Below those, the panel lists the broker’s tools with their availability, so you can see at a glance which tools are reachable.

Prerequisites

The Approvals panel is always available; it is one of the nav views. Whether anything appears depends on whether an agent is configured to ask before acting.
  • Open the Approvals view: click Approvals in the sidebar nav (the lock icon), or press Cmd/Ctrl + 3. The nav button shows a badge with the pending exec-approval count.
  • For exec approvals to appear, the agent’s command-execution policy must be set to ask. Open an agent, go to the Personality tab → Execution Permissions, and set Command Execution to Always Ask or Ask for Unknown. Then ask the agent to run a command. It pauses and the request appears here.
  • For tool / delegation approvals, no extra setup is needed; the broker writes a pending row when a risky or availability-gated tool call needs sign-off, and the governance delegation gate writes one for a risky delegation.

Steps

1. Open the panel and read the pending items

The panel is team-scoped. When a team is selected, exec approvals are filtered to that team’s agents (requests with no agentId always show); selecting no team shows all. Exec approvals are sorted oldest-first. Each exec approval card shows:
  • An amber “Exec Approval” label with a pulsing alert dot.
  • The owning agent’s name and a live expires Ns countdown (the Gateway times an unresolved request out after roughly 120 seconds).
  • The command in a code block, plus any of cwd, host, path, and security as detail rows, and an error line if the request carried one.
Each tool / delegation approval card (in the queue below) shows:
  • The tool name in accent red and a live expires Ns countdown.
  • An optional reason line and an optional args summary (credential-shaped fields are masked before display).

2. Resolve each item

Click one of the three actions on the card:
ActionExec approvalTool / delegation approval
Allow OncePermits this single runPermits this single call (allow_once)
Always AllowAllowlists the command pattern so it stops promptingRecords a sticky allow for this scope (allow_always)
DenyRejects the runRejects the call (deny)
What happens under the hood differs by surface:
  • Exec approval. The decision goes to the Gateway via exec.approval.resolve, then (when the agent is known) is persisted to Clawboo’s history through POST /api/approvals. The card buttons disable while the decision is in flight. After an allow, Clawboo runs a deterministic followup to recover the command’s output in webchat-only setups where the Gateway’s own delivery would otherwise drop it.
  • Tool / delegation approval. The decision is written to the tool_call_approvals row via POST /api/tools/approvals/:id/resolve. The broker (or the delegation gate) is long-polling that row in another process, so it unblocks the moment you resolve. The queue re-polls every 3 seconds, so the card clears on its own.
Resolving the same tool/delegation row twice is a no-op; the resolve is guarded on status='pending', so a stale double-click can’t flip an already-decided approval. An exec approval that has already expired Gateway-side resolves silently (the card just disappears) rather than showing a confusing error.

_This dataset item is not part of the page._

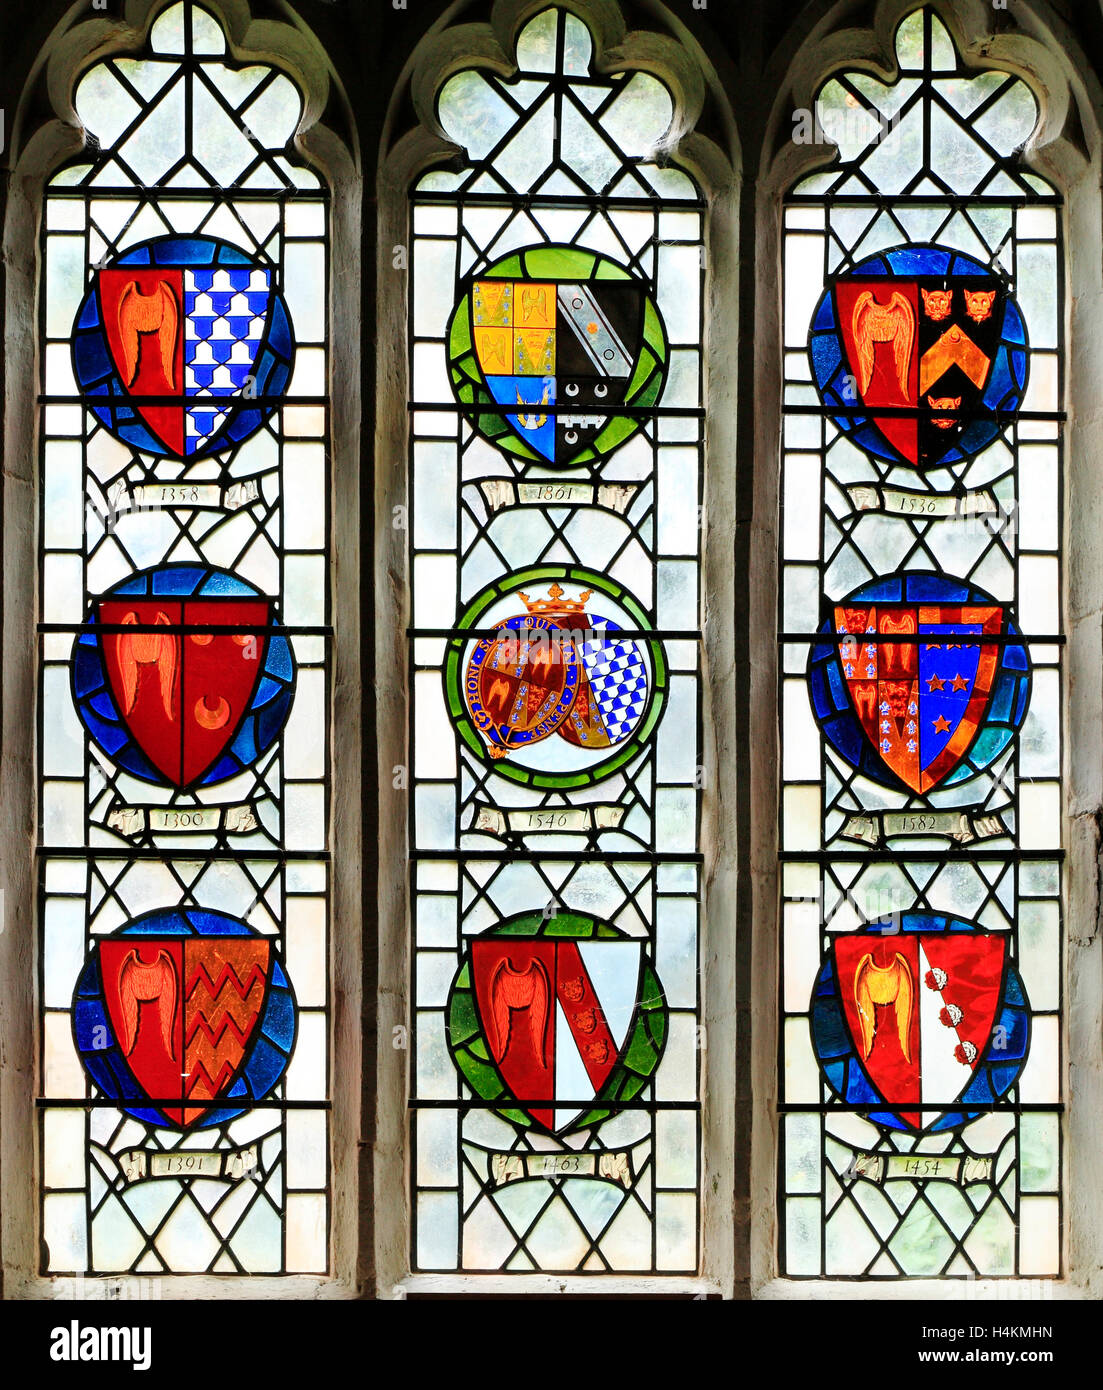 Stanhoe, Norfolk, diverses branches de la famille Seymour à travers l'histoire, vitrail, héraldique, bouclier héraldique device Banque D'Images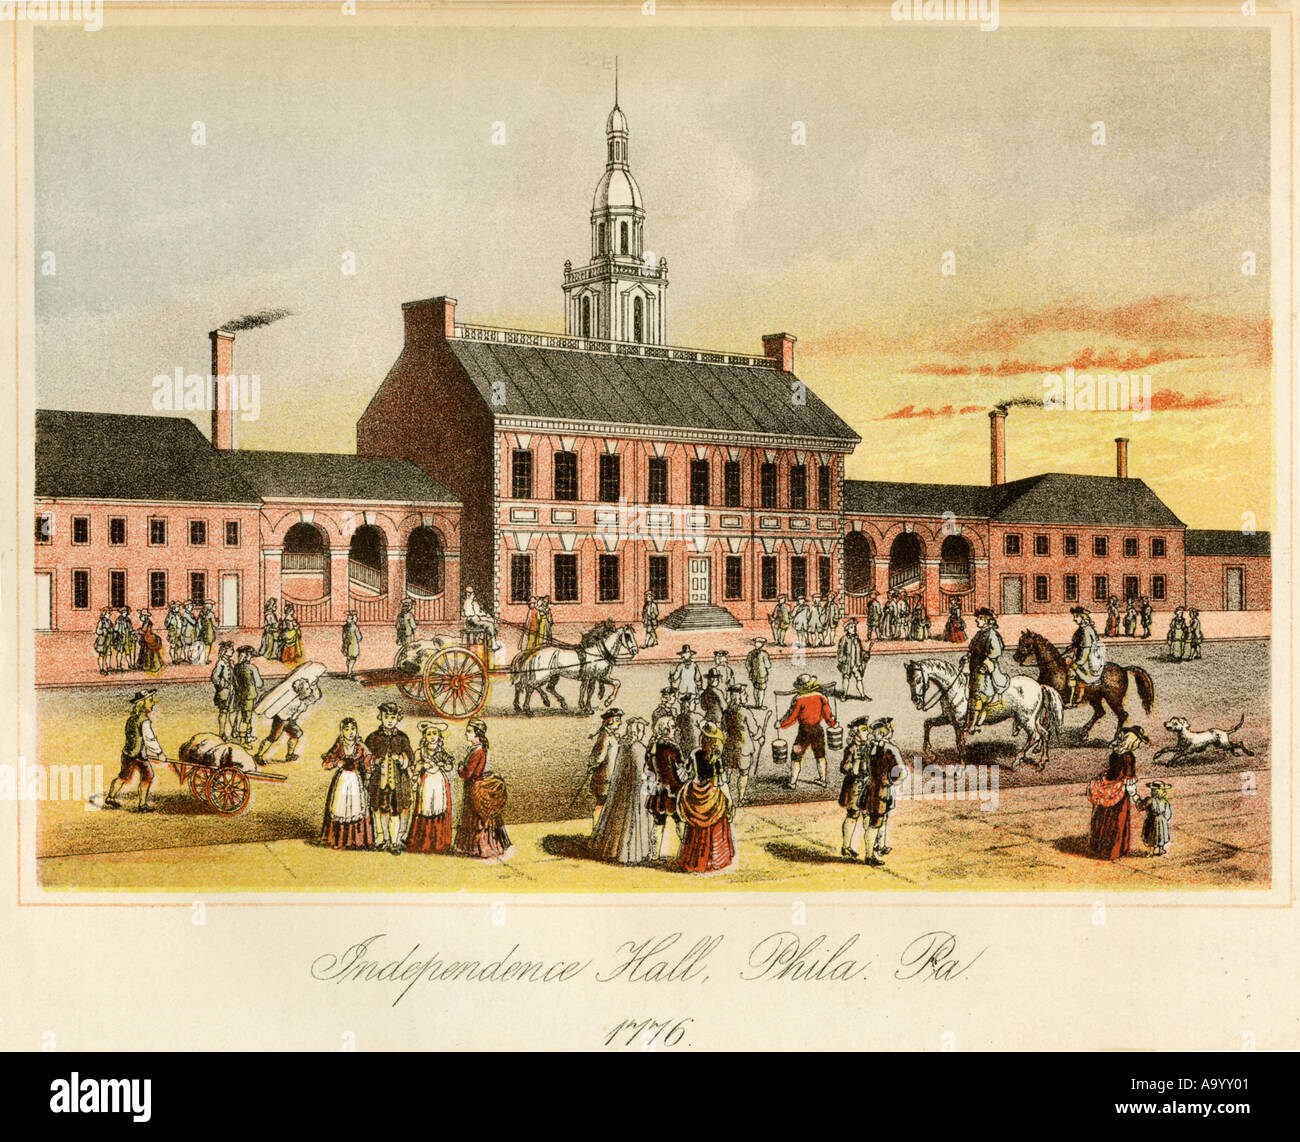 L'Independence Hall à Philadelphie alors que le Congrès continental s'est réuni pour rédiger la Déclaration d'indépendance de 1776. Lithographie couleur Banque D'Images

3. Watch the per-Boo indicator

While a Boo has an exec approval pending, its node in the Ghost Graph shows a pulsing amber ring, a circle when the Boo is idle, a rounded outline when it is rendered as an active card. The ring is matched by agentId, so it points at exactly the Boo waiting on you. It clears the instant you resolve.

What the cards report

Exec approval card

FieldSourceNotes
Agent nameResolved from agentId (or the session key) against the fleetFalls back to the raw agentId or “Unknown Agent”
commandThe request payloadShown in a code block
cwd / host / path / securityThe request payloadRendered as detail rows only when present
expires NsexpiresAtMs − nowCounts down to the ~120 s Gateway timeout
errorThe request payloadRed line, shown only if set

Tool / delegation card

FieldSourceNotes
toolNameThe tool_call_approvals rowAccent-red header
reasonThe rowOptional human-readable rationale
argsSummaryThe row (scrubbed JSON)Re-masked at display time; truncated
expires NsexpiresAt − nowThe approval’s own TTL
The two surfaces write different tables and have different decision strings. Exec approvals use allow-once / allow-always / deny (with hyphens) into the approval_history log; tool/delegation approvals use allow_once / allow_always / deny (with underscores) into tool_call_approvals. The buttons read the same in the UI; the wire values differ.

Tool availability (read-only)

Under the queue, the panel lists every broker tool with an Available / Unavailable pill, sourced from GET /api/tools. A tool is unavailable when an availability requirement (auth, config, env, or plugin) is unmet; the card greys out and its tooltip shows the diagnostics. A non-safe risk tool also shows an amber warning icon. This is informational; there are no actions here; it tells you which brokered tools an agent can actually reach.

Verify it worked

  • The resolved card disappears. For an exec approval, the count badge on the Approvals nav button drops by one and the Boo’s amber ring clears in the Ghost Graph.
  • For an exec allow, the agent resumes and (after the followup) reports the command’s output back into the chat transcript.
  • For a tool/delegation approval, the waiting tool call / delegation proceeds (on allow) or is rejected (on deny) within a few seconds.
  • The decision history is queryable: GET /api/approvals?agentId=<id> returns the persisted exec-approval decisions for that agent (most recent first).

Troubleshooting

A card vanished before you resolved it. Exec approvals expire Gateway-side at ~120 seconds and the queue removes expired rows; if you do not act in time, the request lapses (an exec lapse is a non-decision, not a deny). Resolve promptly, or set the agent’s policy to Ask for Unknown so only unfamiliar commands prompt.
The agent allowed a command but produced no output. In webchat-only setups the Gateway’s internal deliver:true followup can drop the output. Clawboo runs a best-effort recovery that re-sends the command with deliver:false; if it still does not land, ask the agent to run the command again.
Always Allow is sticky. For an exec approval it allowlists the command pattern so it stops asking; for a tool/delegation it records a sticky allow for that scope. Use Allow Once when you want to keep the gate for next time.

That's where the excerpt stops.